* PROBLEM TO SOLVE: Reproduce every line of the material below exactly. No pictures belong in the copy.

* DATASET SECTION:
☆ ☆ ☆ ☆ ☆ ☆ ☆
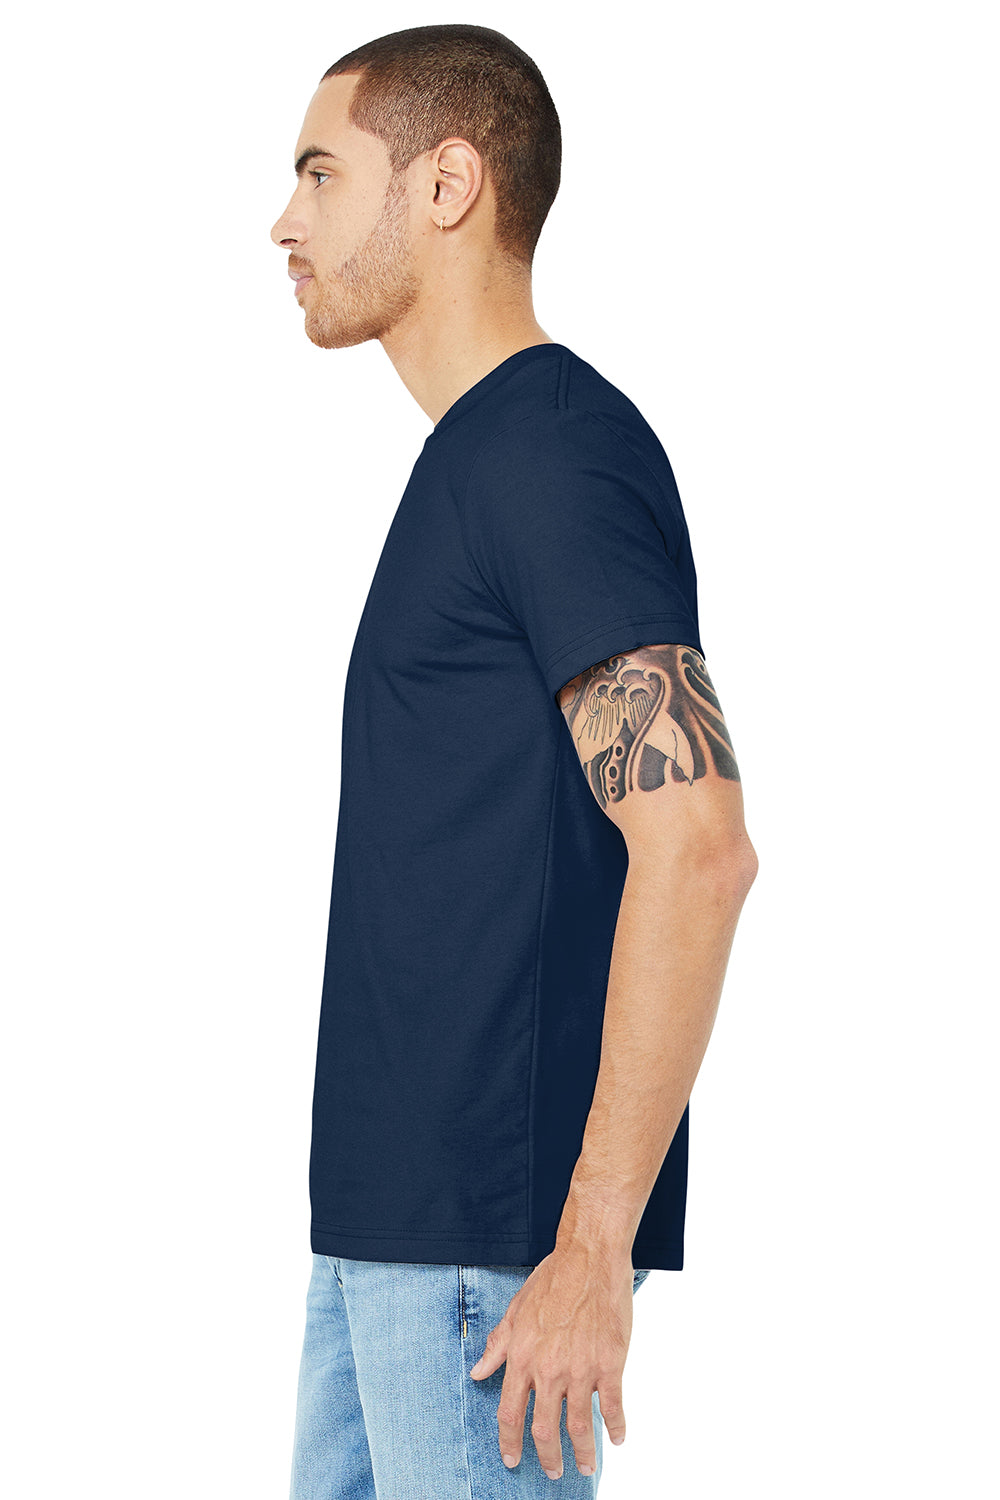 Bella + Canvas BC3001/3001C Mens Jersey Short Sleeve Crewneck T-Shirt Navy Blue Model Side
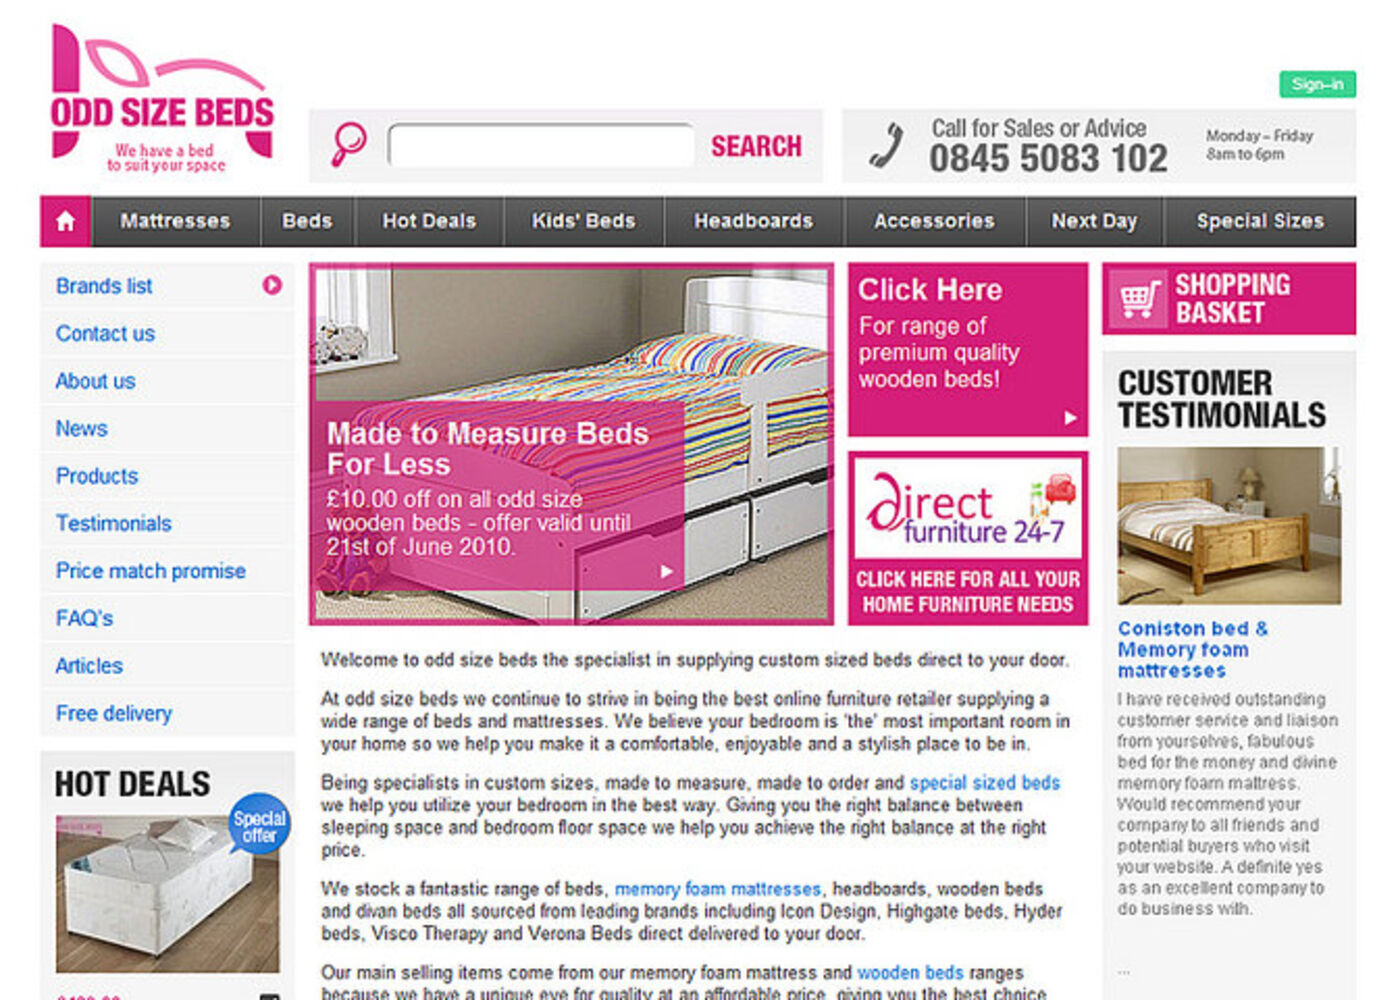 Odd Size Beds (2008) Homepage header
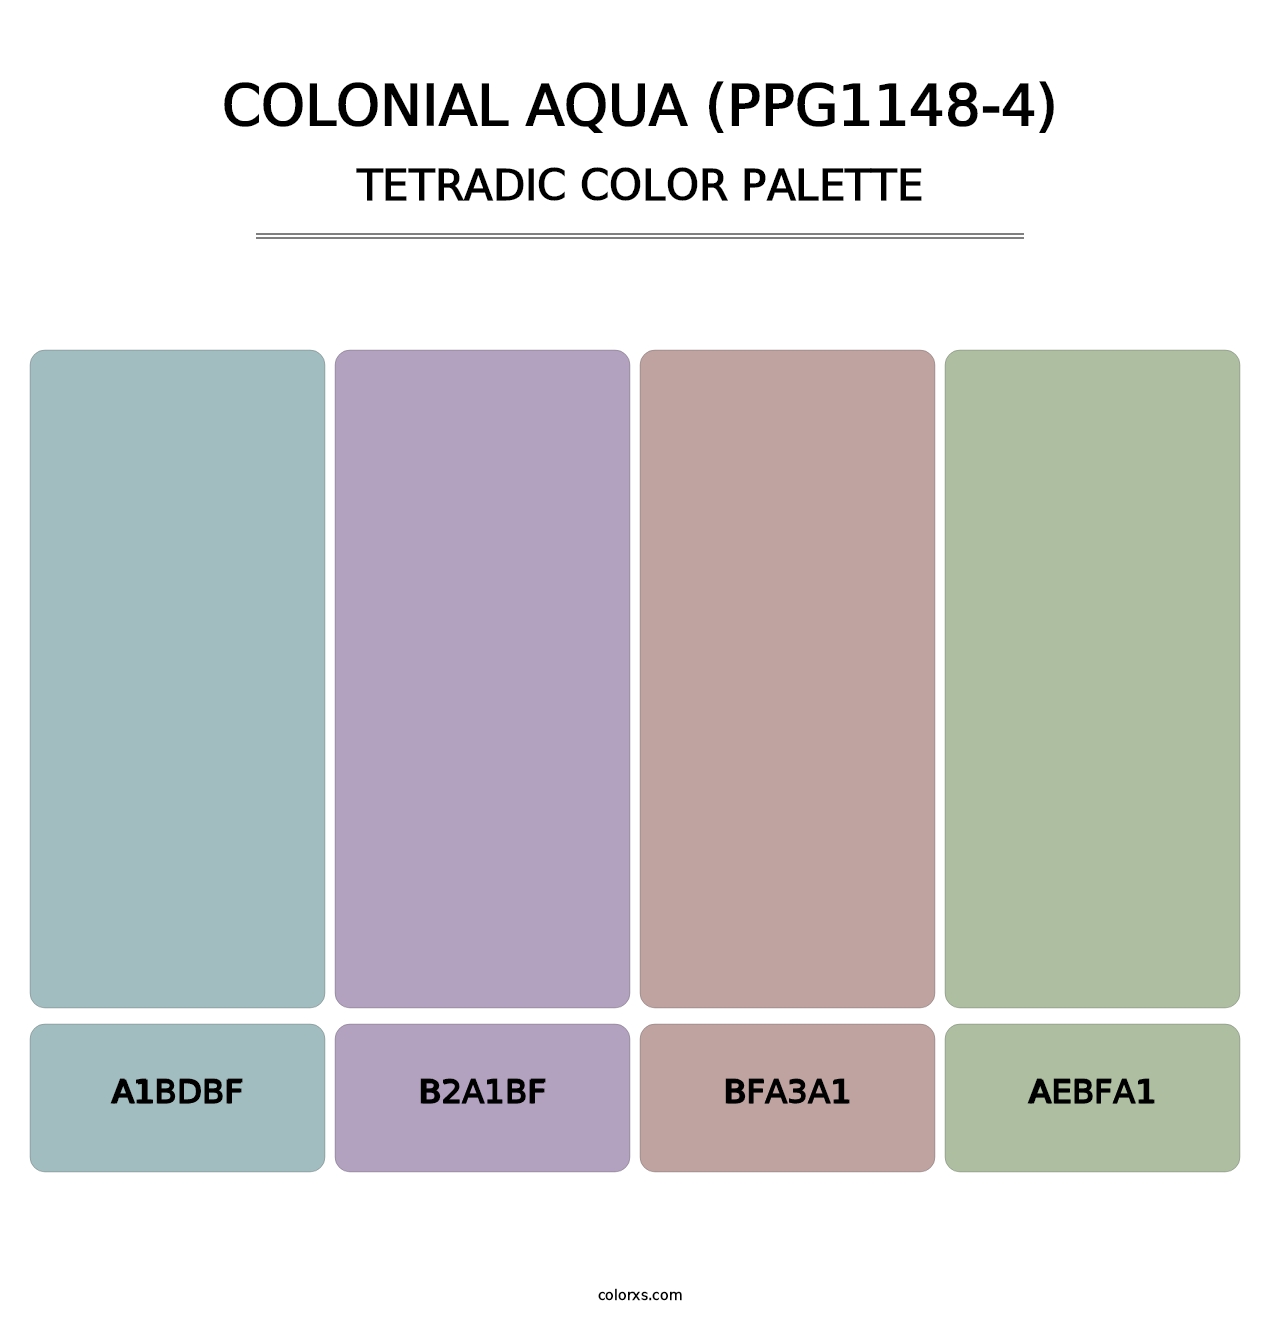 Colonial Aqua (PPG1148-4) - Tetradic Color Palette
☆ ☆ ☆ ☆ ☆ ☆ ☆
* REPLY TO THE EXERCISE:
 Bella + Canvas BC3001/3001C Mens Jersey Short Sleeve Crewneck T-Shirt Navy Blue Model Side
 Odd Size Beds (2008) Homepage header
 Colonial Aqua (PPG1148-4) - Tetradic Color Palette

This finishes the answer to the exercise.